Families have started introducing rules when members may be online or offline, with parents frequently cheating. Because we communicate with virtual instead of face-to-face partners, the tone of conversation gets rougher, for it's easier to make insults online. How will the young generation transport digital mobbing into their upcoming family and professional lives?
Due to the lack of time, the discussion had to be limited to three questions from the audience, but I could get my query in. However, before the moderator handed me the microphone, he asked me whether I was on Facebook, apparently doubting my competence when looking at my gray hair. I snappishly answered:
Yes, but I use it my way and continued that
angst regarding the digitized world is born out of ignorance.
The young generation has no problem with following digital developments. Nevertheless, it still may lack the maturity to use digital possibilities competently. The UWC psychologist answered that she got one message to the pupils: Many Likes do not strengthen your self-confidence.
On that point, I think her selected international elite clientele is not representative of the rest of the young generation. I feel that society has yet come to grips with Facebook, Twitter, WhatsApp, and the rest.
The second panel, Rethinking Business, was disjointed because panel members talked about their particular interests, rarely listening to each other. John Geroso immediately contradicted the chairman's introductory remark that Only No.1 counts: Google does not feel like No.1 but thinks that competition will spur development or, as we say in German: Konkurrenz hebt das Geschäft.
You cannot simply transform an analog enterprise into a digital one. You'd better start from scratch. Existing firms must get agile. Some try to circumvent the problem by incorporating startups into their firms. Future enterprises will have no managers but ruling teams.

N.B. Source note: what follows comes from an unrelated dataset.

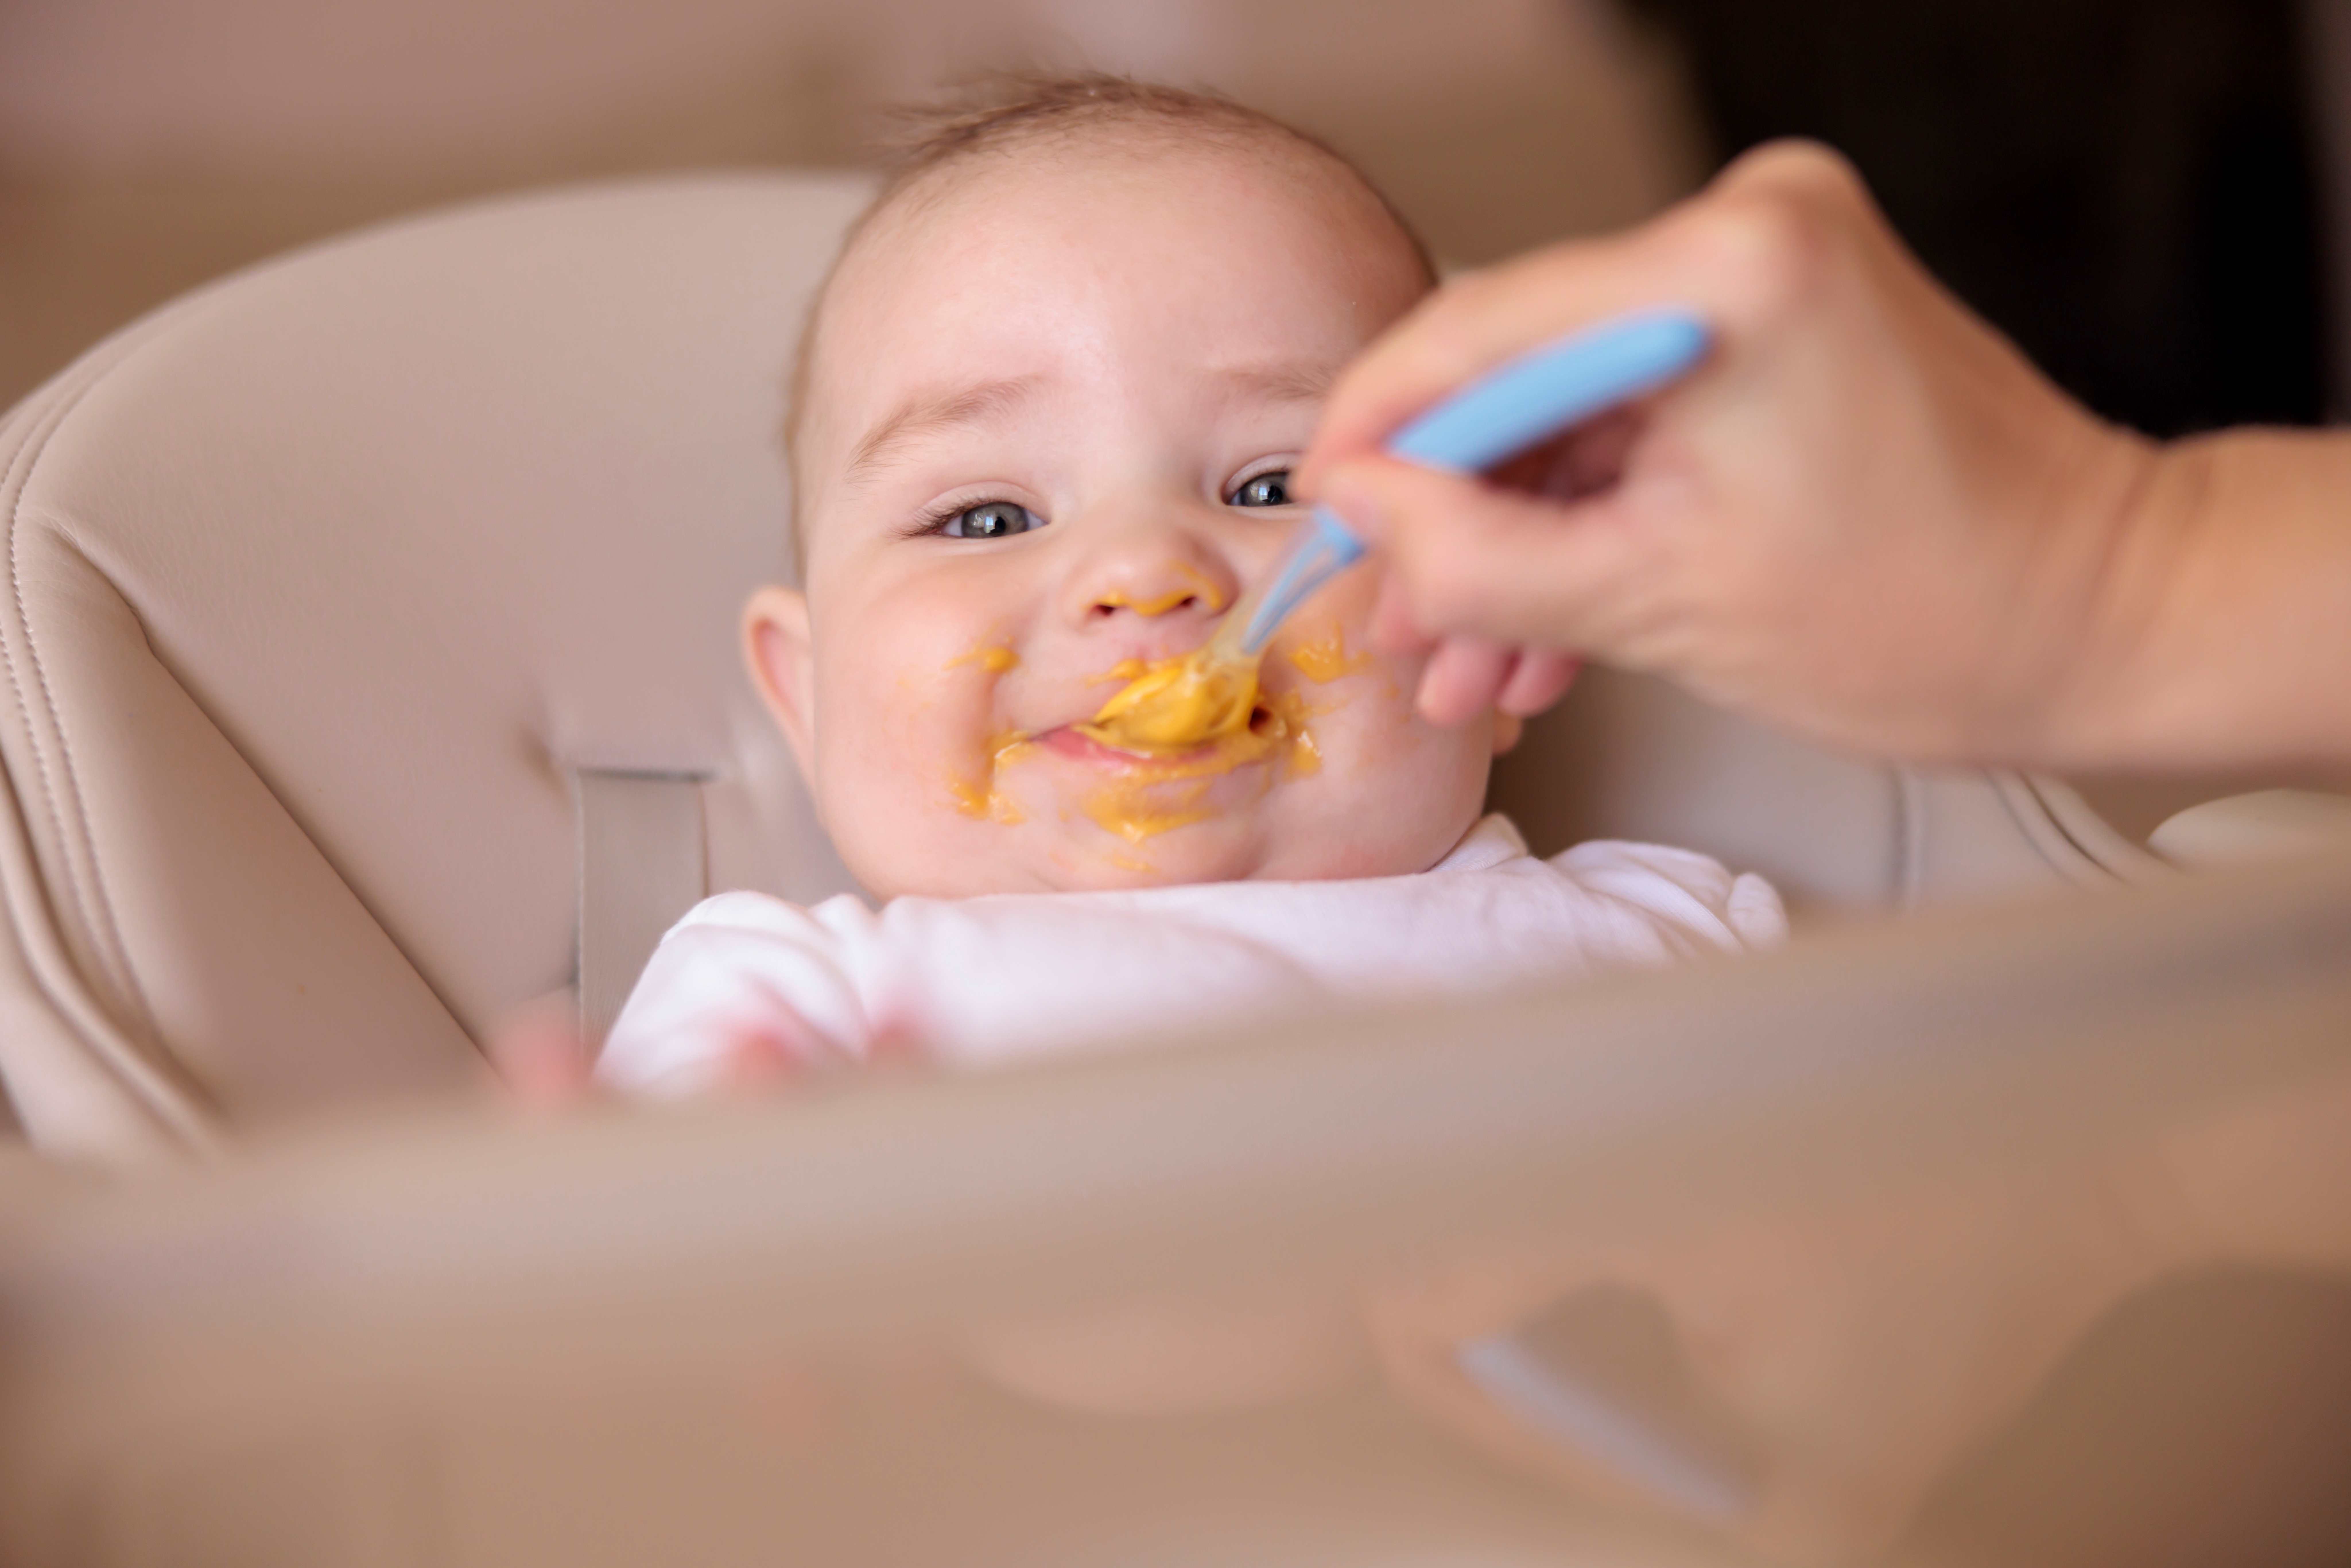 Verbraucherzentrale: Web-Seminar – richtige Ernährung für Säuglinge

There was agreement that not everything that can be done in the digital world necessarily has to be done, although I have yet to see an enterprise that does not use any opportunity to make money.

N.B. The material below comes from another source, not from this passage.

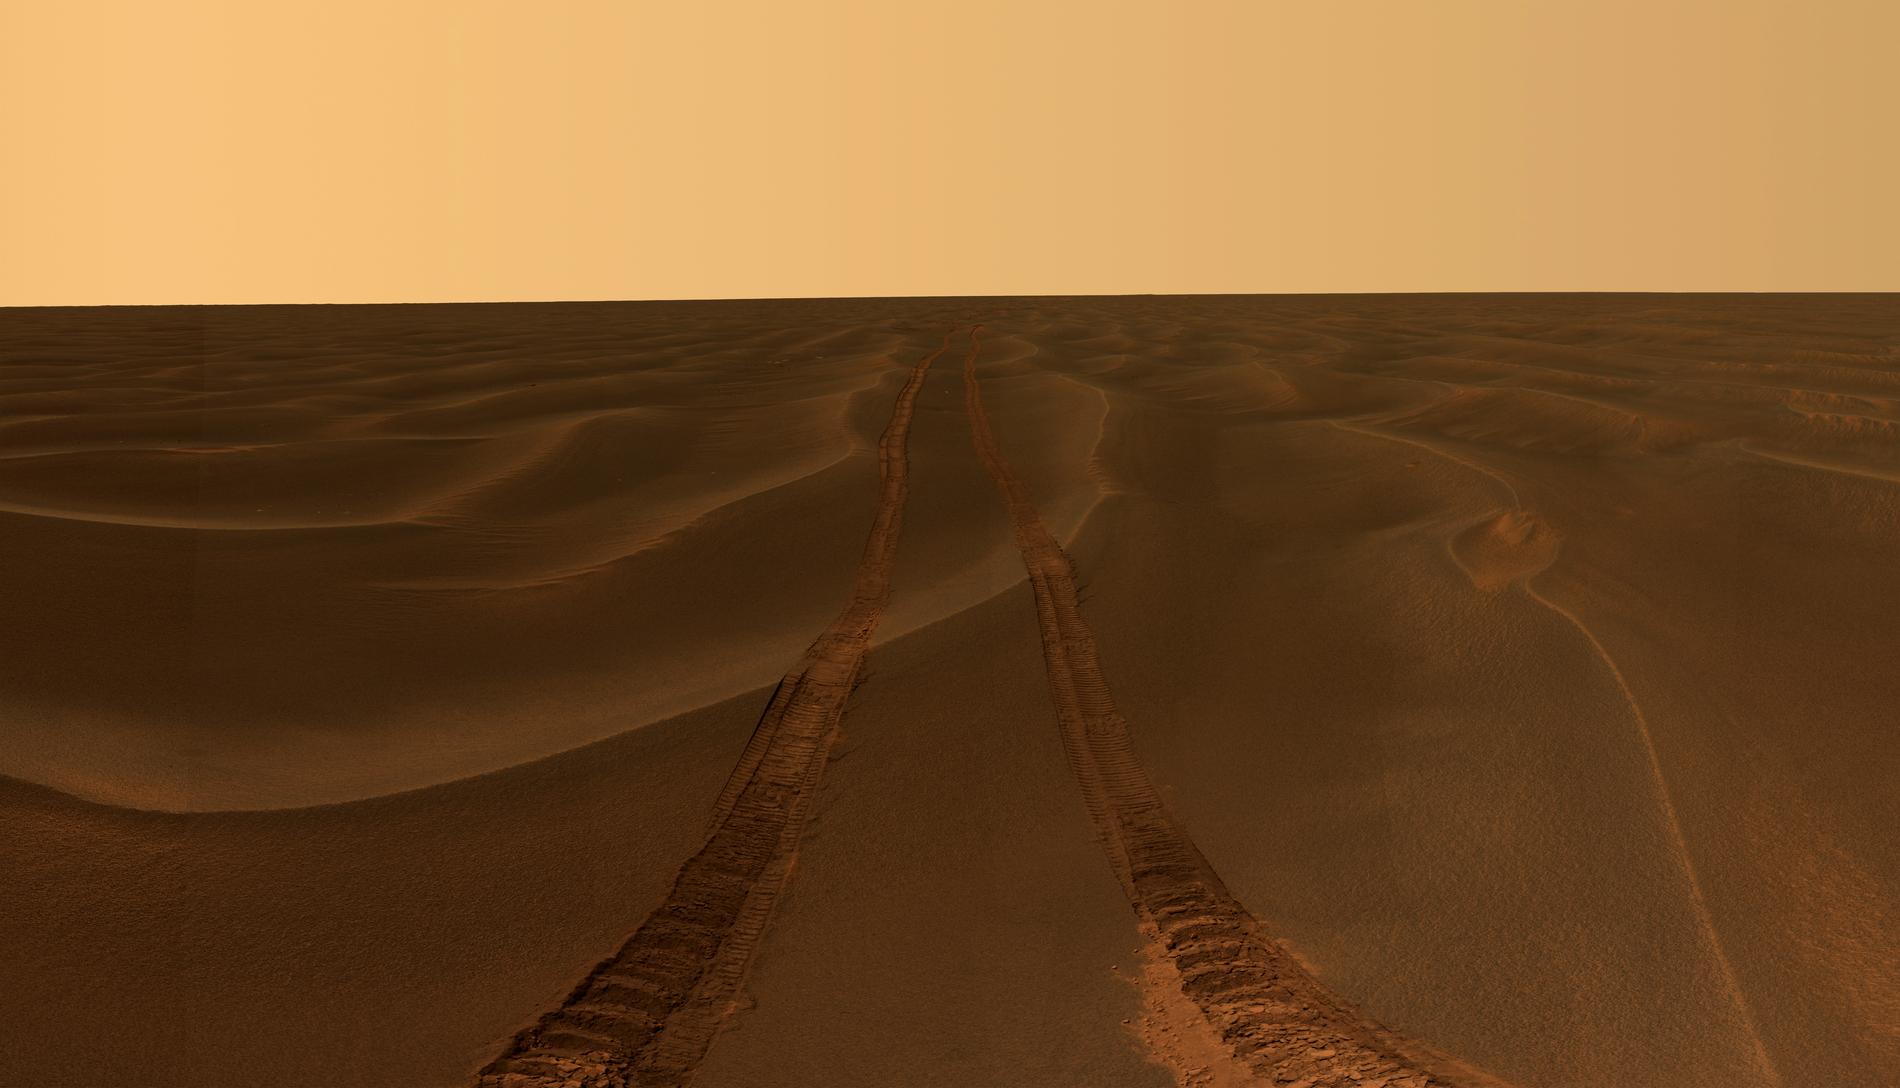 Har du kört vilse, Oppy? Bild tagen av Opportunity 2014, då sonden var i liknande knipa efter att ha kört fast i sanden på Meridiani-slätten.

The young generation criticized the exploitation of natural resources, which other panel members did not comment on. When the specialist in robotics was asked whether robots can do all human activities, he answered yes, except they have no feelings. He then admitted that one of his robots had complained, messaging: I can simulate emotions.
During the long afternoon, some of the impacts of the digital revolution were addressed, and some were even discussed. Still, we are far from knowing the digital world's impact on future society.
While it took two generations to get accustomed to the hard-wired telephone, analog television, or the automobile, it now takes only about 10 years before a "new" technology is already obsolete. It is this pace of development that leaves us little time to digest.